Embora não haja uma distinção muito nítida, Rawls mantém, lado a lado, a aceitação racional dos princípios de justiça da pretensão de sua concordância fática. Isso porque não se compreende o acordo sobre princípios de justiça como simples modus vivendi entre as diversas doutrinas abrangentes, como se fosse o resultado de um compromisso entre elas. Embora não seja metafísica, a concepção pública de justiça continua sendo moral, de modo a ser reconhecida e aceita por razões morais decorrentes do uso público da razão. Nesse sentido, qualquer princípio, norma ou valor que deseje uma aceitação geral deve se apoiar em razões com as quais todos possam concordar ou, ao menos, não ser razoavelmente rejeitadas por ninguém. O procedimento do uso público da razão é a instância capaz de garantir a validade das afirmações normativas, como também gerar sua concordância.

Dessa forma, a reconstrução proposta por Rawls das ideias intuitivas subjacentes aos princípios de justiça tem uma pretensão universalista, além de um valor descritivo para a cultura democrática liberal, decorrente da própria razão prática. Como podemos observar, um dos pontos principais da obra de Rawls diz respeito à relação entre o justo e o bem. E a questão a ser colocada é em relação à possibilidade de a justiça como equidade se valer das ideias do bem sem fazer considerações sobre a verdade desta ou daquela concepção abrangente, de forma incompatível com o liberalismo político.
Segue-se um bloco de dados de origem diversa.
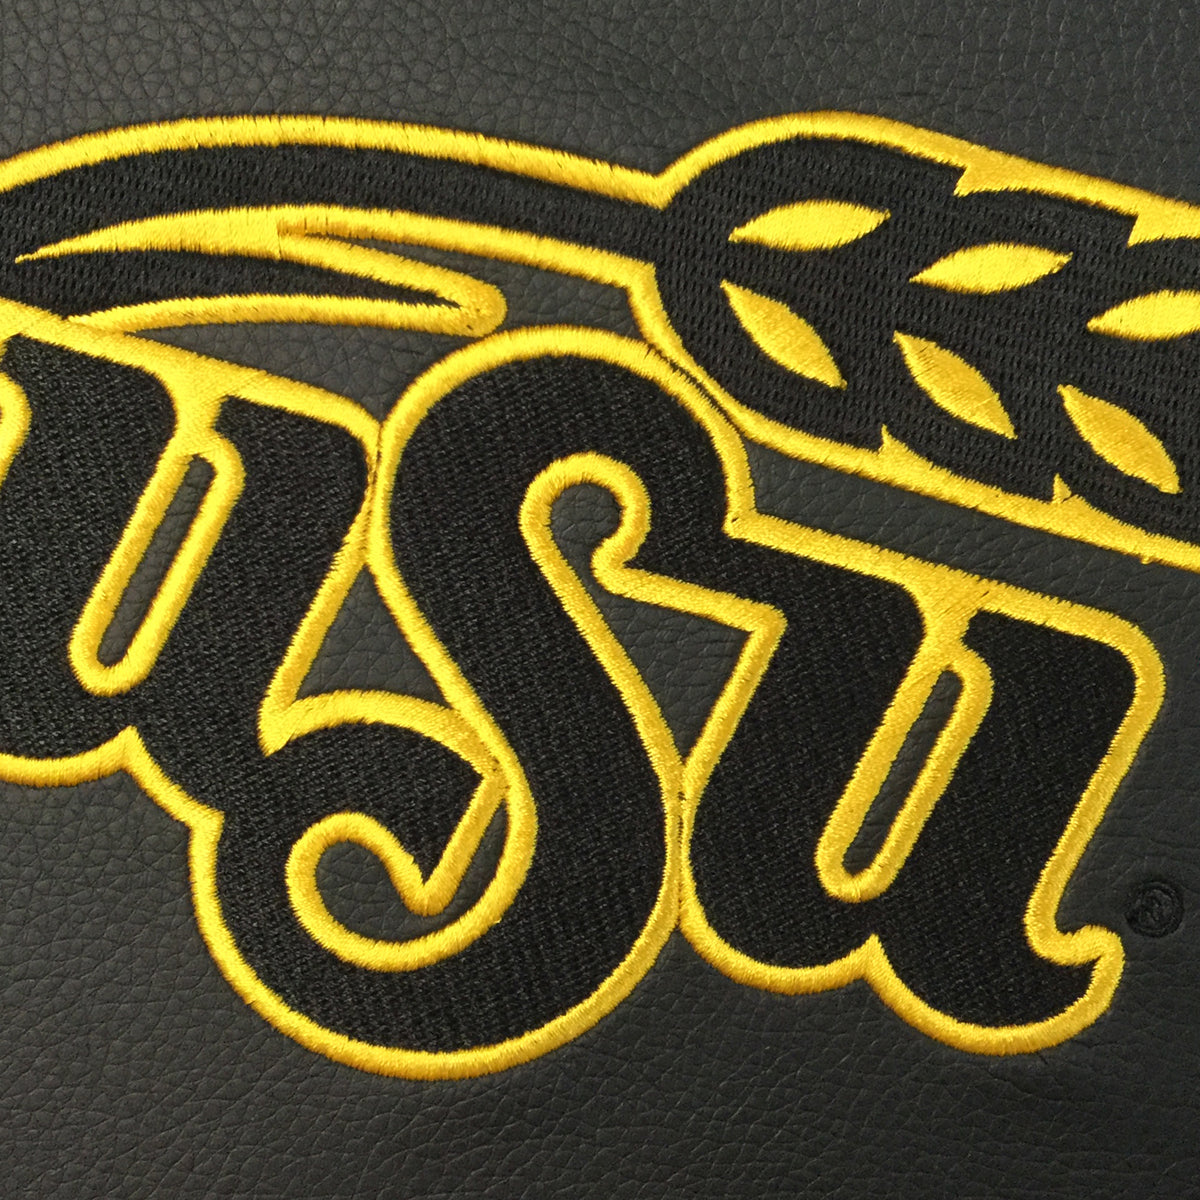 Silver Club Chair with Wichita State Primary Logo

Rawls (2011, p. 247) procura responder a essa questão da seguinte forma:

Primeiro, a prioridade do justo significa (em seu sentido geral) que as ideias do bem utilizadas devem ser políticas (§ 1.2), de maneira que não necessitamos recorrer a concepções abrangentes do bem, mas apenas a ideias moldadas para se acomodarem dentro da concepção política. Segundo, a prioridade do justo significa (em seu sentido particular) que os princípios de justiça estabelecem limites a formas permissíveis de vida (§ 1.2). As demandas que os cidadãos fazem para para realizar fins que transgridem esses limites não tem nenhum peso. A prioridade do justo confere aos princípios de justiça uma estrita precedência nas deliberações dos cidadãos e limita sua liberdade de promover certas formas de vida. Essa prioridade caracteriza a estrutura e o conteúdo da justiça como equidade e aquilo que esta concepção considera como boas razões na deliberação dos cidadãos.
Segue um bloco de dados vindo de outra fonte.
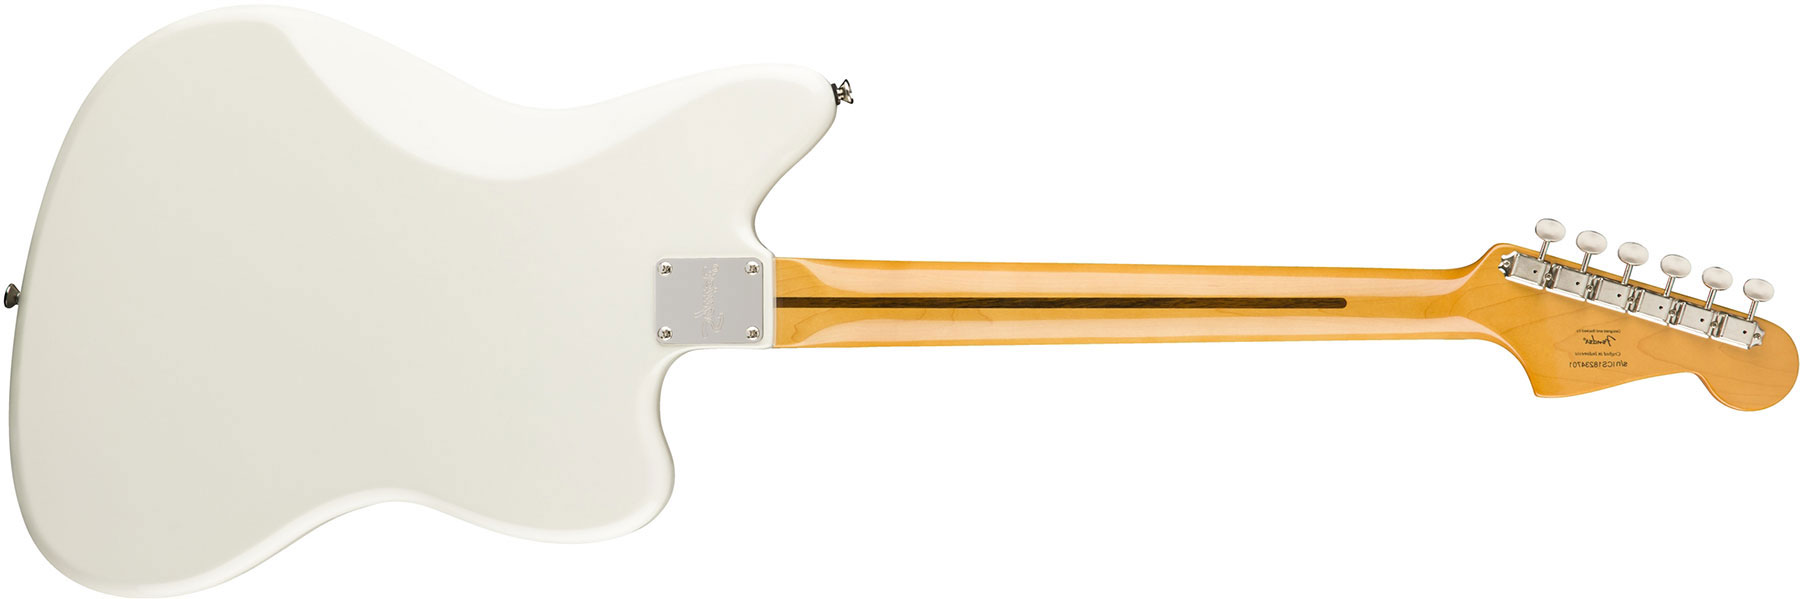 Squier Jazzmaster Classic Vibe 60s 2019 Lh Gaucher Lau - Olympic White - Left-handed electric guitar - Variation 1

Uma segunda questão que se apresenta é que, exceto se recorrermos a alguma perspectiva além do político, como se torna possível dizer quando as formas de vida são

merecedoras de um pleno comprometimento dos indivíduos ou assegurar que uma sociedade possui espaço suficiente para elas? Se a justiça como equidade não tem como garantir, de um ponto de vista mais geral, que as diversas concepções abrangentes permitidas são de concordância plena, então como proceder?

Quanto a esse ponto Rawls invoca a ideia de um consenso sobreposto e afirma que, se uma concepção política é reciprocamente reconhecida por indivíduos razoáveis e racionais que seguem as doutrinas abrangentes razoáveis que compõem um consenso sobreposto, esse fato por si só corrobora que suas instituições permitem espaço suficiente para formas de vida capazes do comprometimento dedicado dos cidadãos (RAWLS, 2011).